Step 4 — When NOT to switch
If your task involves "follow the trail until you find the bug" — where step 4's existence depends on step 3's output — you can't replace the agent with a chain. Keep the loop, add caps.
Two implementations of the same task and a comparison sheet. The exercise that pays off most: every time you reach for "agent," ask if you can structure it as a chain first. If yes, you'll likely save half the cost and most of the latency.
Knowledge Check
1. You can decompose your task into 3 fixed steps. Should you build an agent or a workflow?
2. You're fanning out 50 parallel calls and getting 429 errors.

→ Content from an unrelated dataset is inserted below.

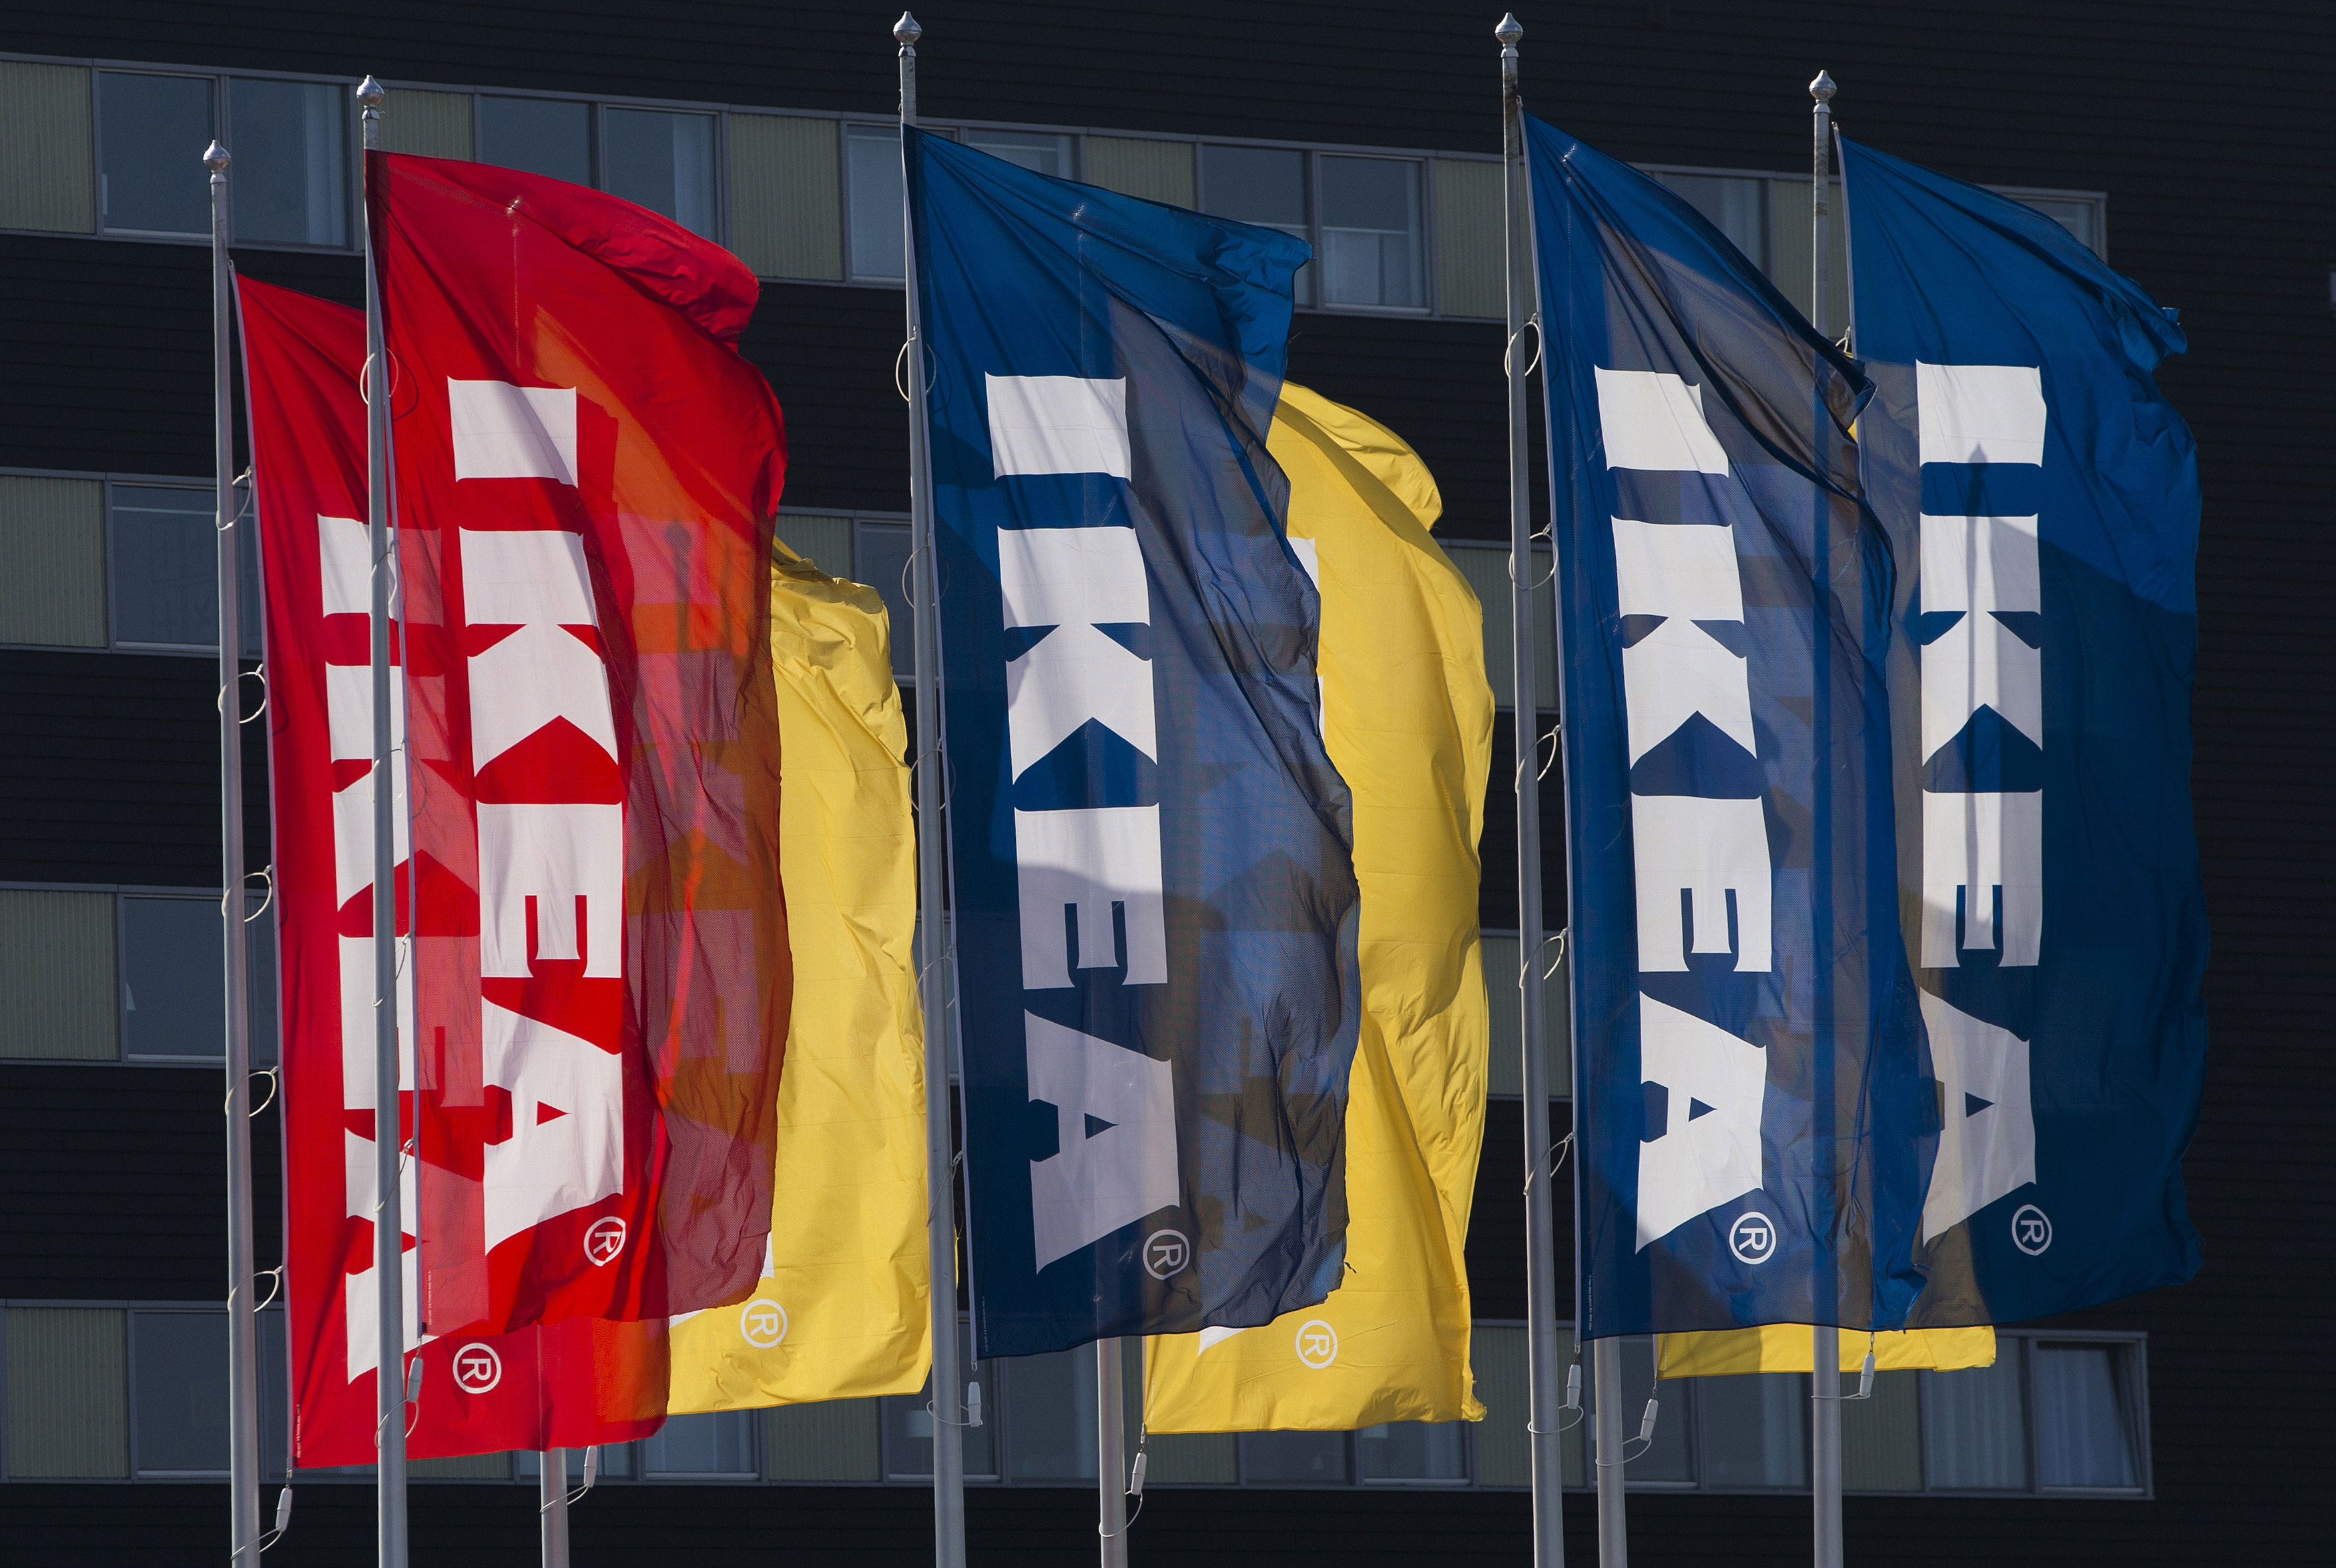 The IKEA logo is seen on flags outside the IKEA Concept Center in Delft
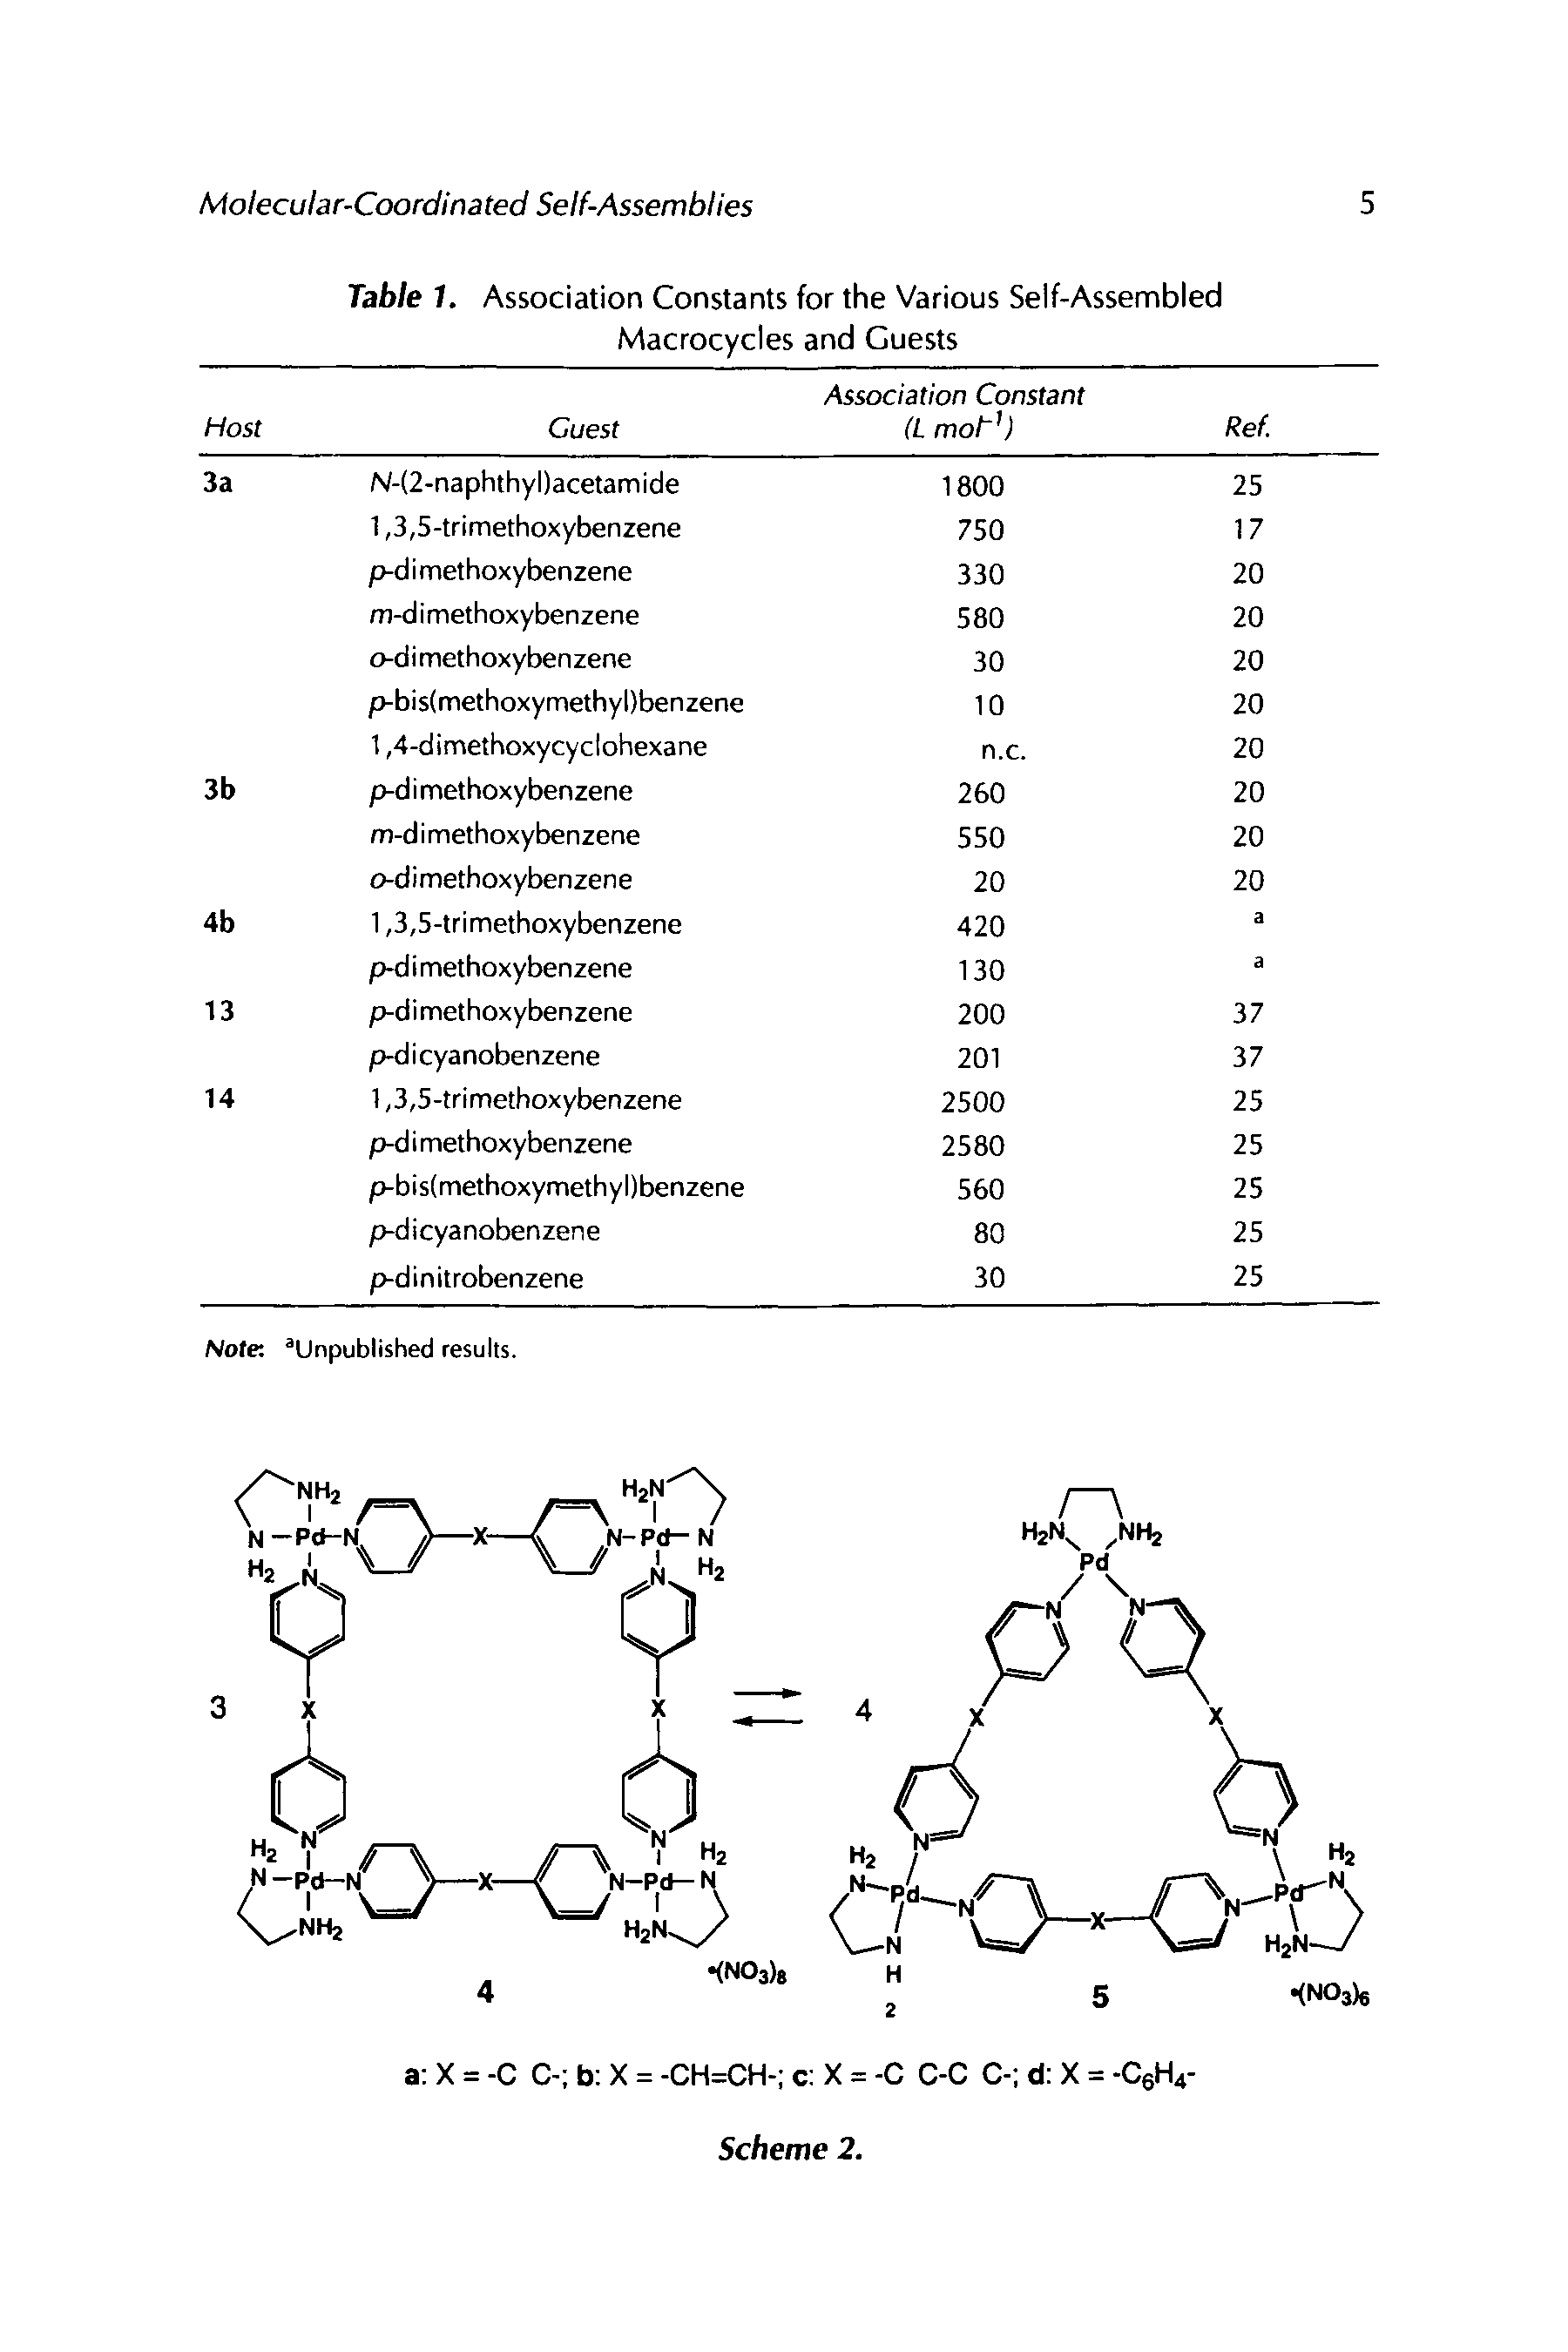 Table 1. Association Constants for the Various Self-Assembled Macrocycles and Guests...

Best fix?
3. Your agent loop hangs occasionally. What did you forget?
4. A user asks "what's the weather in Tokyo?" through your routing-based bot. The router should send it to:
5. You want Claude to fill in a form on a legacy desktop app with no API. What's appropriate?
Module Summary
- Workflow vs agent: workflow when steps are knowable; agent when not. Default to workflow.
- Chaining: sequential calls, smaller models per step where possible. Output of A is input of B.
- Parallelization: sectioning (split work) + voting (same work, multiple times, aggregate). Cap concurrency; use Batch API for big offline.
- Routing: cheap classifier picks the specialist. Avoid one-prompt-fits-all bloat.
- Agent loop: tool_use loop with three caps — iteration, cost, time. Always.
- Environment inspection: give the agent tools to look around; prompt it to do so first.
- Computer use: screenshot + click + type. For legacy GUIs and APIs that don't exist. Sandbox in a VM. If the API exists, prefer the API.
- Claude Code maps these patterns: subagents = routing, slash commands = chains, worktrees + background = parallelization, the CLI itself = agent loop.